** WHAT TO DO **
Return the full listing word for word, but drop every picture from it.

** RAW DATA **
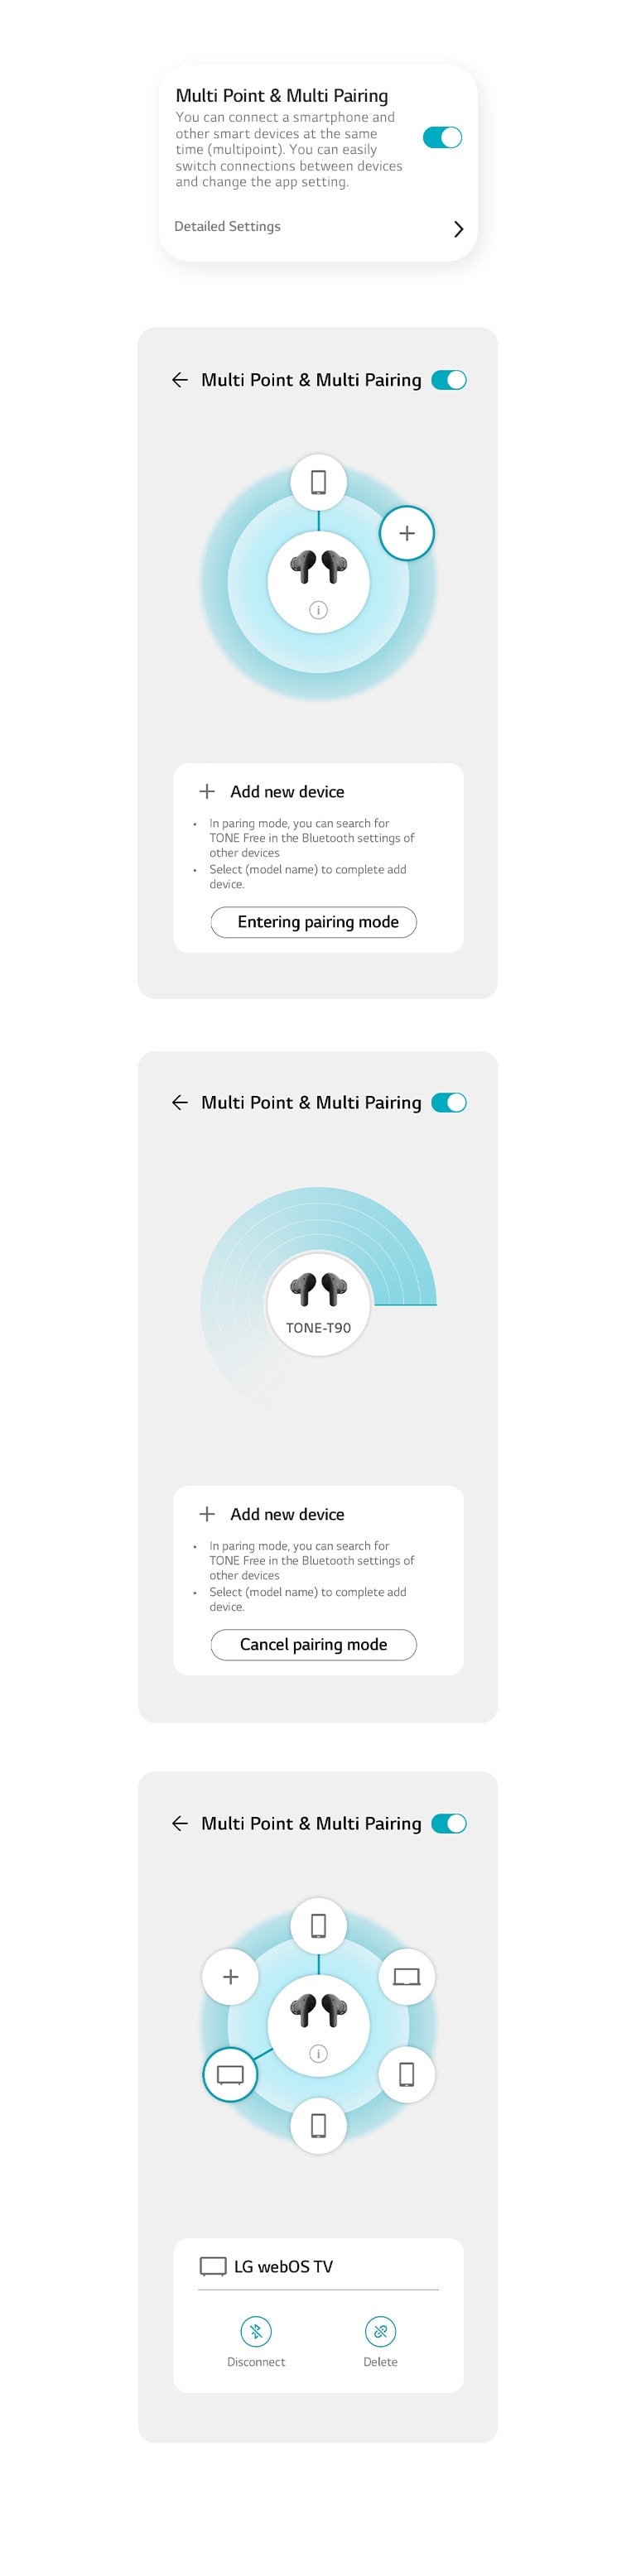 Immagini delle funzioni Multi Point e Multi Pairing sull’app.
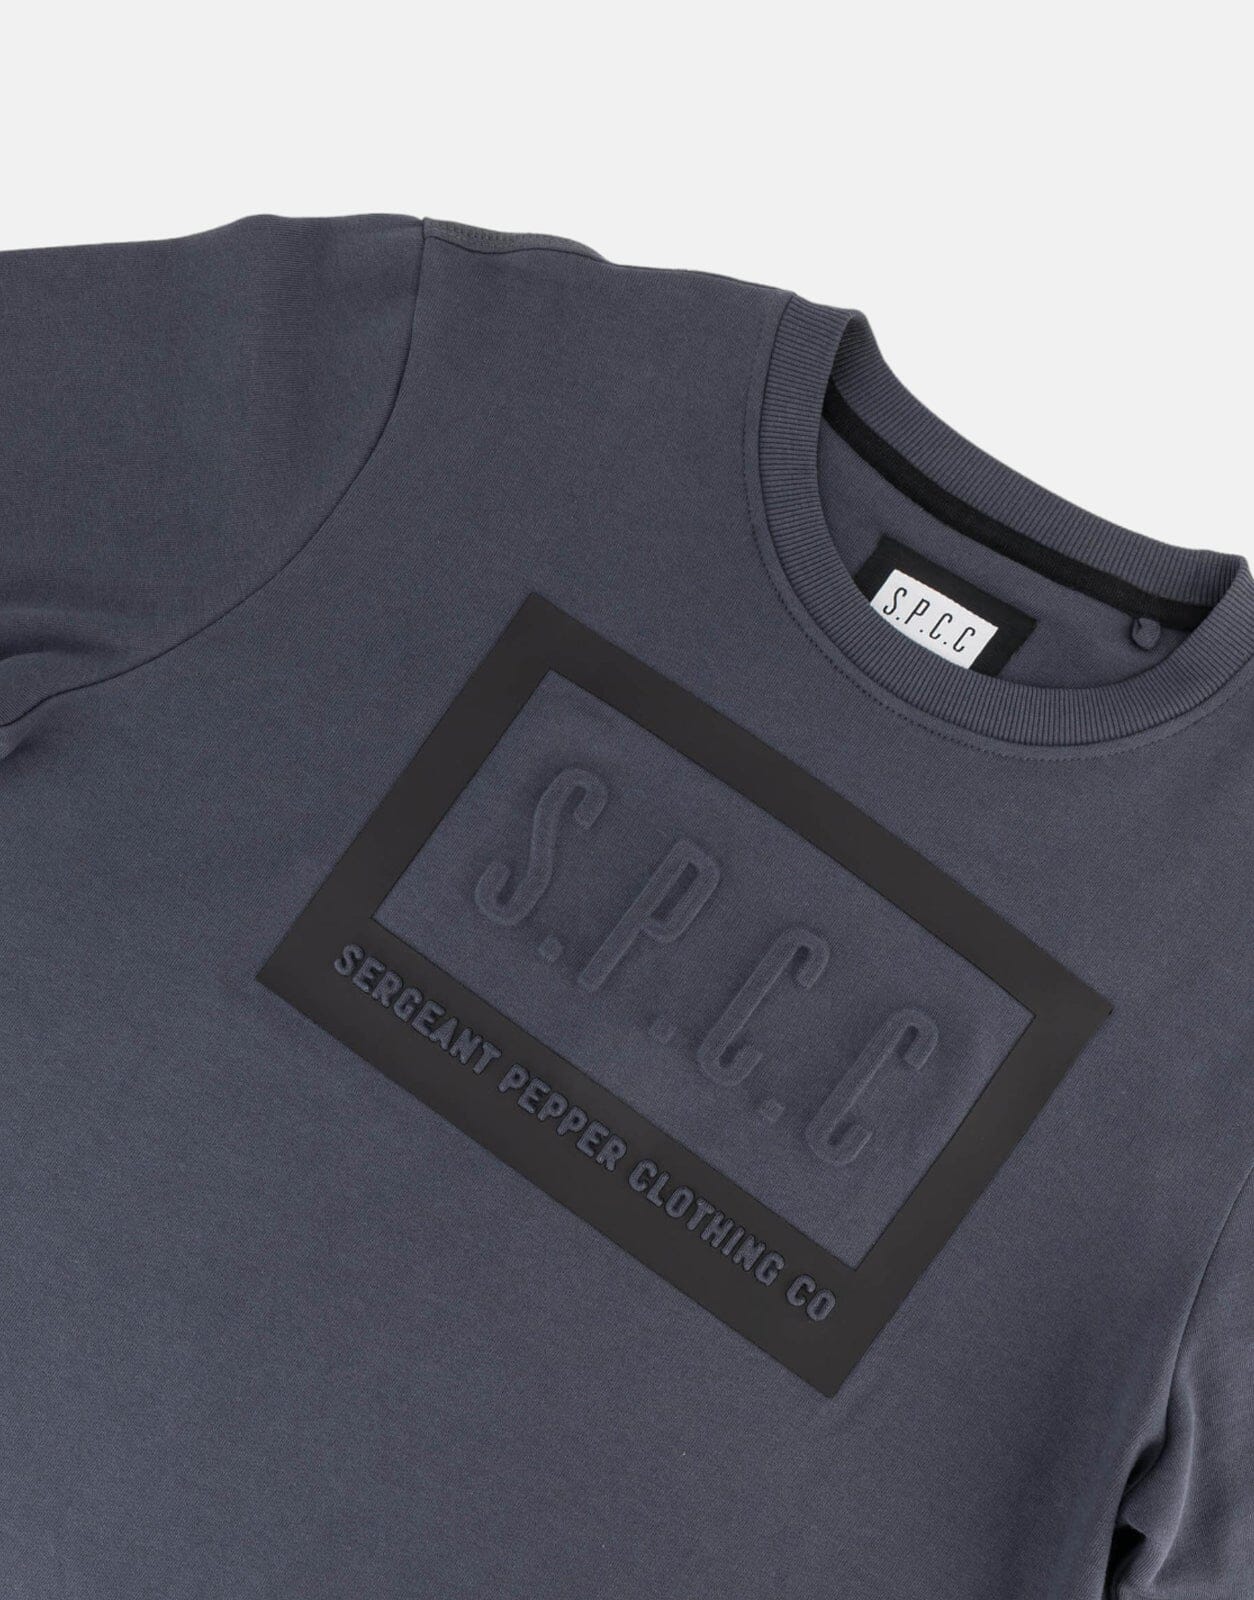 SPCC Strohm Dark Grey Sweatshirt - Subwear
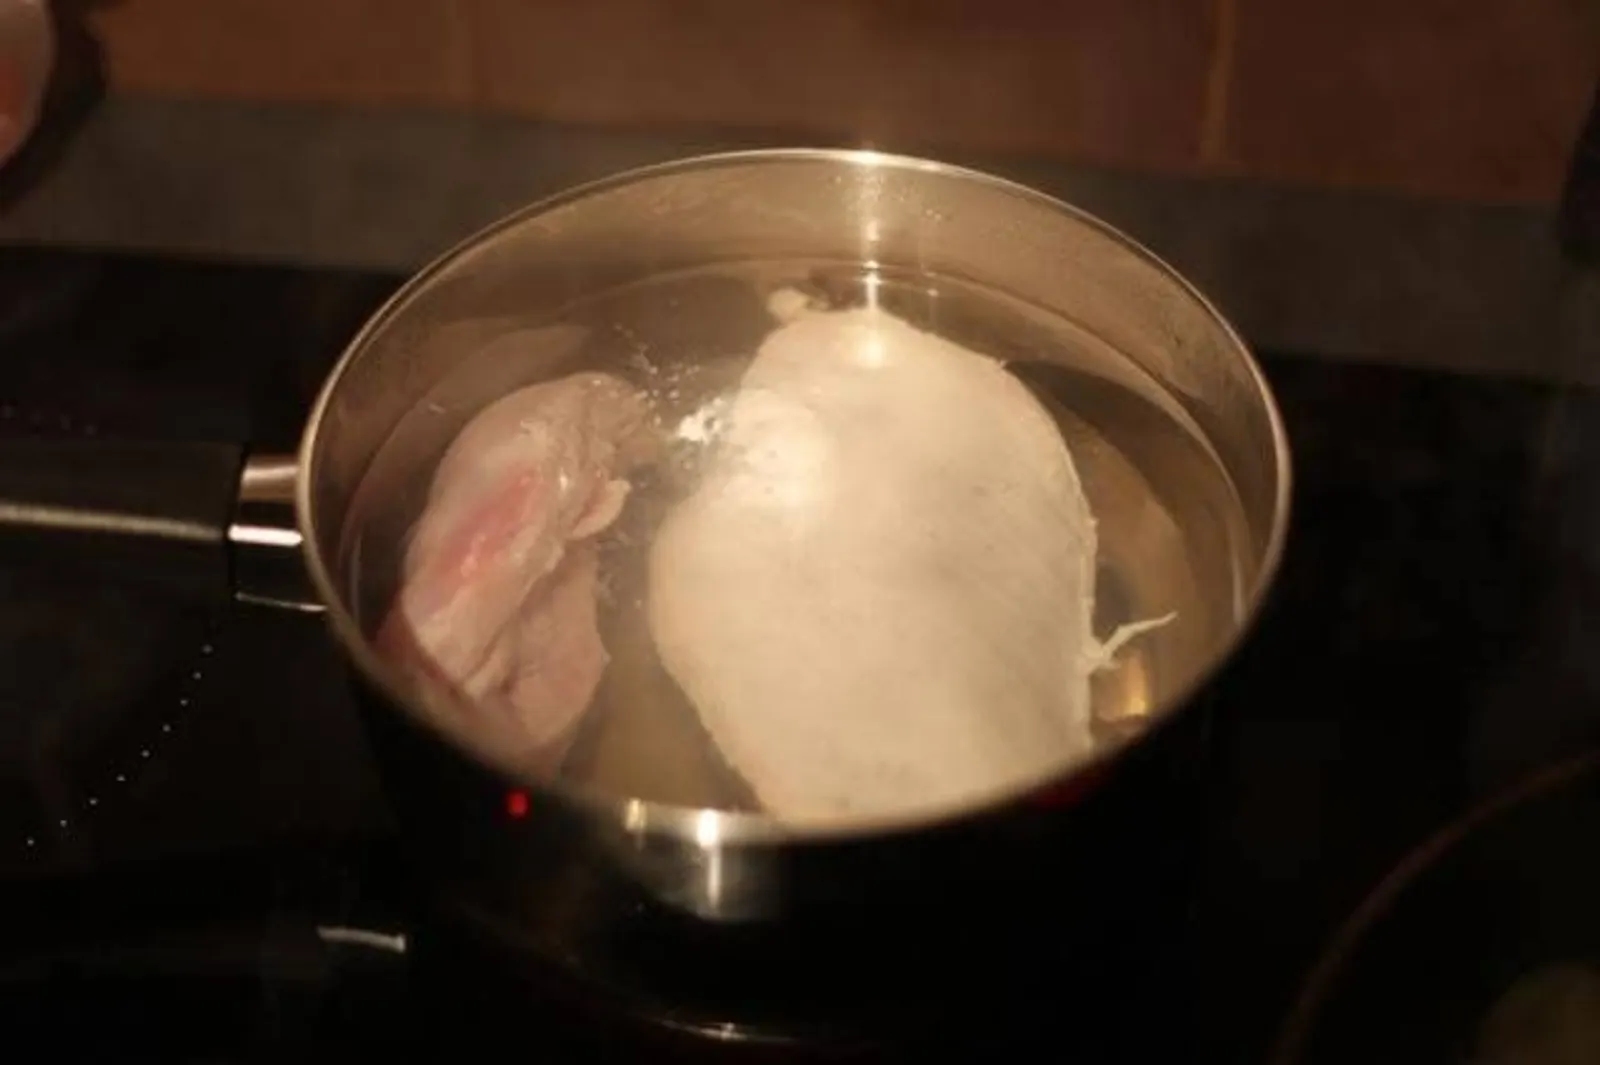 Resep Ayam Suwir Kecap yang Praktis dan Mudah Dibuat

** EXERCISE ANSWER **
 Immagini delle funzioni Multi Point e Multi Pairing sull’app.
 SPCC Strohm Dark Grey Sweatshirt - Subwear
 Resep Ayam Suwir Kecap yang Praktis dan Mudah Dibuat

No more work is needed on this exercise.